# Georgia ADBA show!



## ::::COACH:::: (Apr 4, 2012)

Be there or be square! :thumbsup:

April 26 and 27, 2014 
Location: Bartow Saddle Club
50 Saddle Club Drive
Cartersville, GA30120

The Georgia APBTC (GA) will host 2 conformation shows and 1 weight pull on Saturday, and 1 conformation show and 1 weight pull on Sunday at the Bartow Saddle Club in Cartersville, GA. Please contact Mari 770-539-2823 or Beth 770-561-3508

Judges: 
Saturday AM - Frank Rocca
Saturday PM - Ron Wolfe
Sunday - Mary Seay


----------



## ames (Jun 6, 2010)

You going to this show and not the fun show out here? Figured since you get points and posted it here you're going to this one. I so GOOD LUCK can't wait to hear how you did!!

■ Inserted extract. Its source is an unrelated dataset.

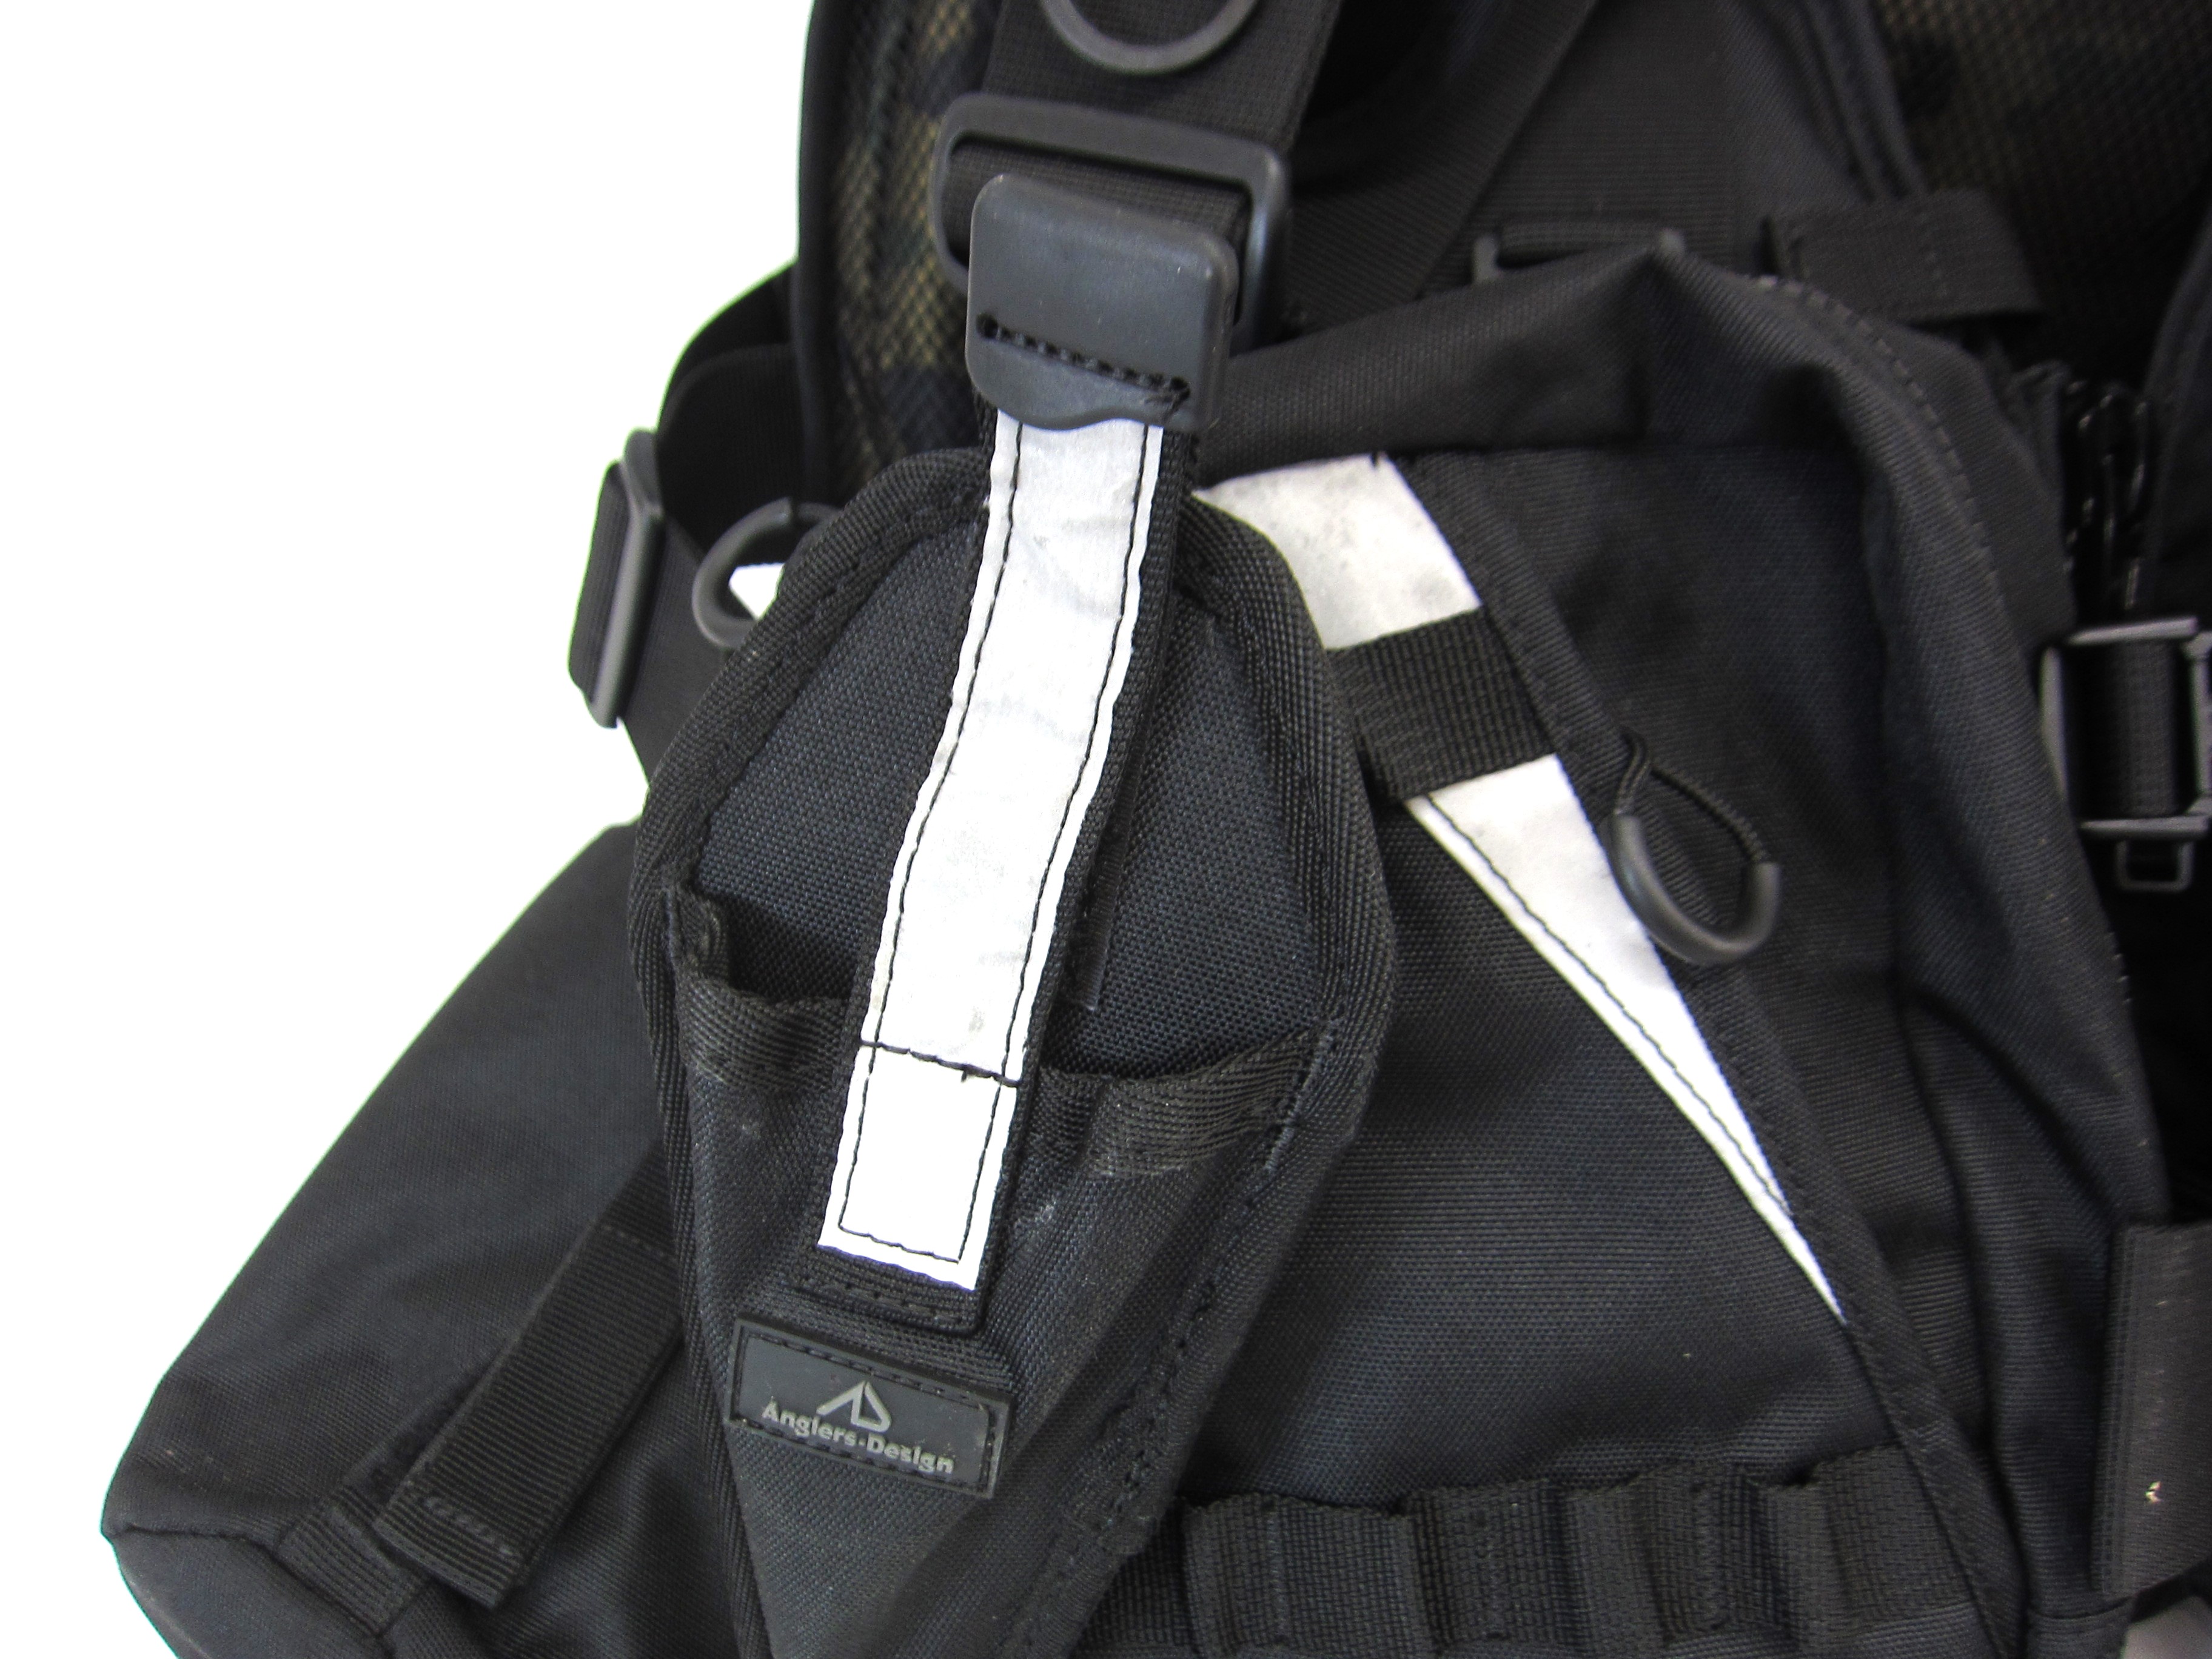  angler z design Extreme 3 floating the best life jacket ∠US4047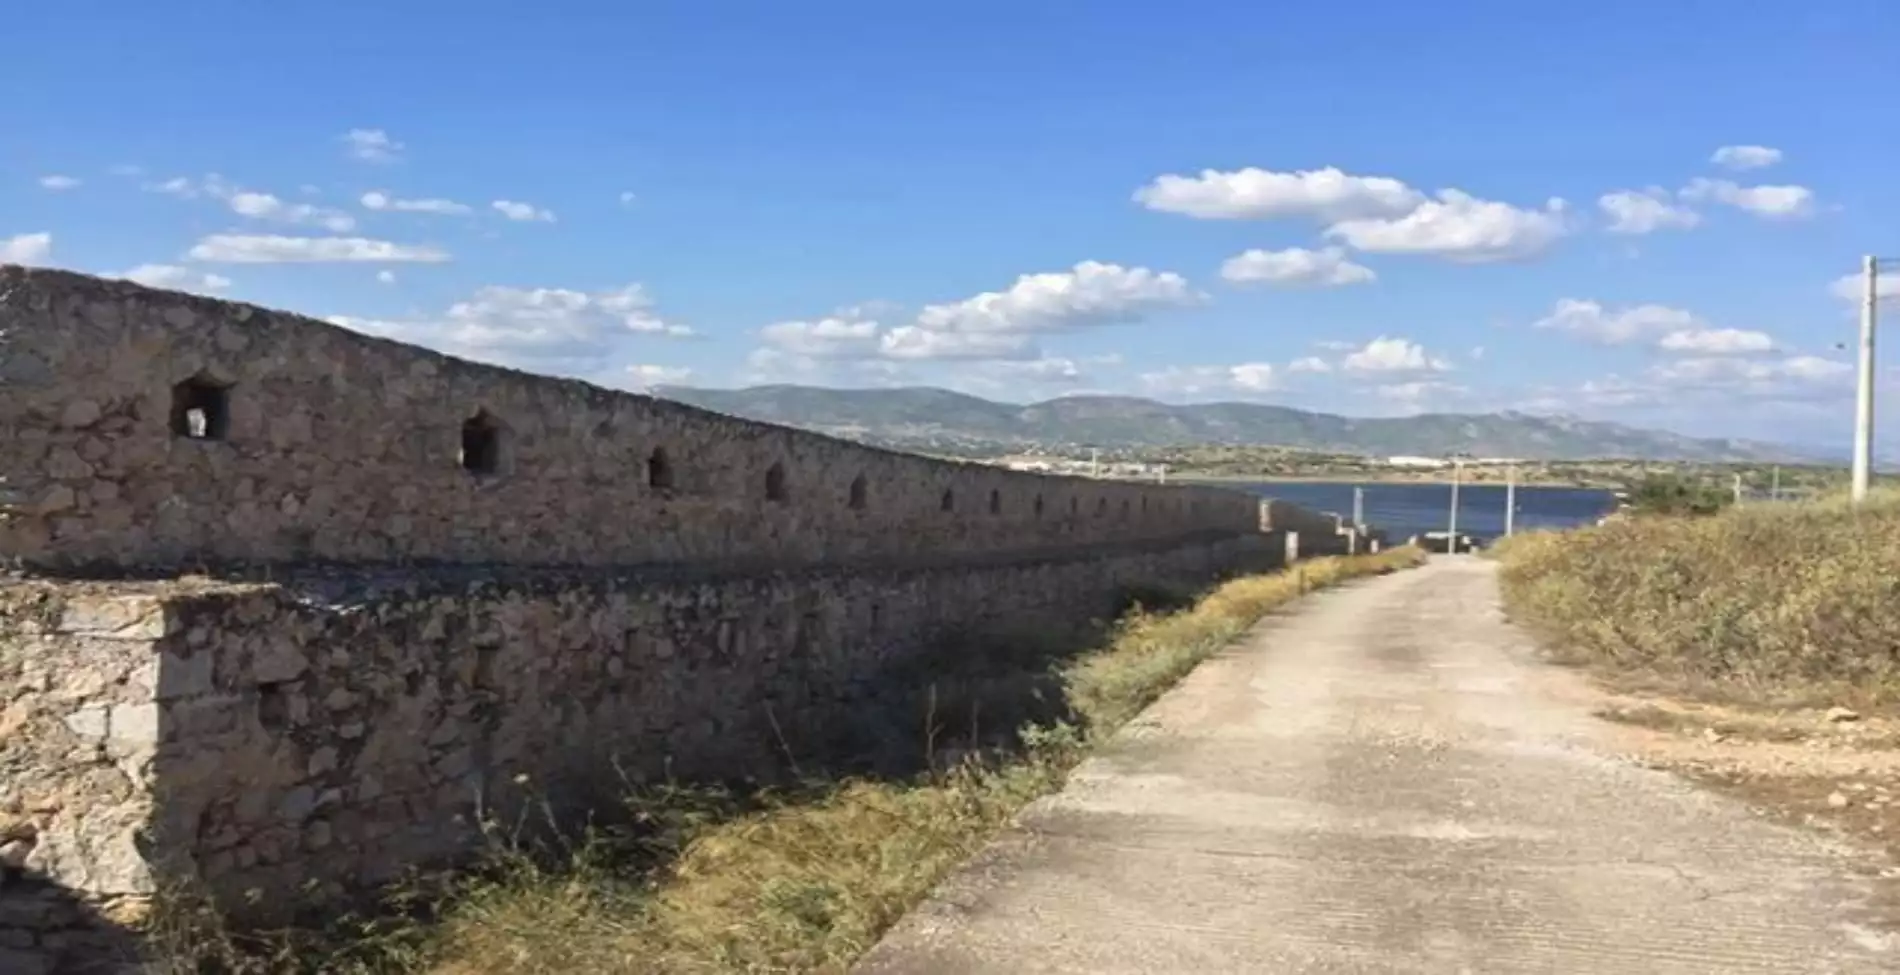 Το μεγάλο άγνωστο οχυρό της επανάστασης μια ανάσα από την Αθήνα2

Sent from Petguide.com App so please excuse the typos


----------



## ::::COACH:::: (Apr 4, 2012)

I've been trying to post all the shows as they come up, just in case someone in that area wants to go!


----------



## ThaLadyPit (Oct 12, 2008)

I know Jessie (Circle M Kennels) is going with her crew. Too bad I can't make it. I got Saturday off, but Ices is nowhere near ready. Wishing everyone in attendance safe travels and the best performance.


----------



## welder (Jan 25, 2013)

on your way threw sc stop by and pick a couple of mine to take with you.lol

just have plenty of patience!!! you gonna need it.


----------



## ::::COACH:::: (Apr 4, 2012)

:woof: yeeeeees! I'd love to show off some of those fine dogs of yours welder!


----------



## rex abernathy (Nov 23, 2013)

Bringing two or three! they are good'uns! REX


----------



## ::::COACH:::: (Apr 4, 2012)

Oh my gosh Rex I want to meet!!!


----------



## welder (Jan 25, 2013)

hey coach, you gonna pull and show or just show?


----------



## ::::COACH:::: (Apr 4, 2012)

Just show. Pyra isn't ready to compete...and Lucius, well he pretty much gives me the middle finger when it comes to pulling LOL


----------



## randallpits (Oct 20, 2013)

Think I'll show Lucy Lu in the puppy show. She is certainly not show material, but I think it would be good to show, for support, of the breed. She won't know if she looses anyway, because the way I'll go on about it to her she will think she won something. Talked to some good dog men who are supposed to show up. Anyone on the forum coming be sure, and look me up. Would love to meet any of you in person.


----------



## circlemkennels (Aug 29, 2010)

I'll be there with a bunch lol... Not sure how many yet


----------



## OldFortKennels (Mar 10, 2006)

I really wanted to make this show for old times sakes but I ended up having to go to Fl.


----------



## rex abernathy (Nov 23, 2013)

Look forward to meeting and greeting, I'm bringing a couple of dogs, but I won't be showing because I'm not experienced enough, but I love to watch! My considered opinion is that every darn bulldog there will leave thinking it won! Just the way they are.


----------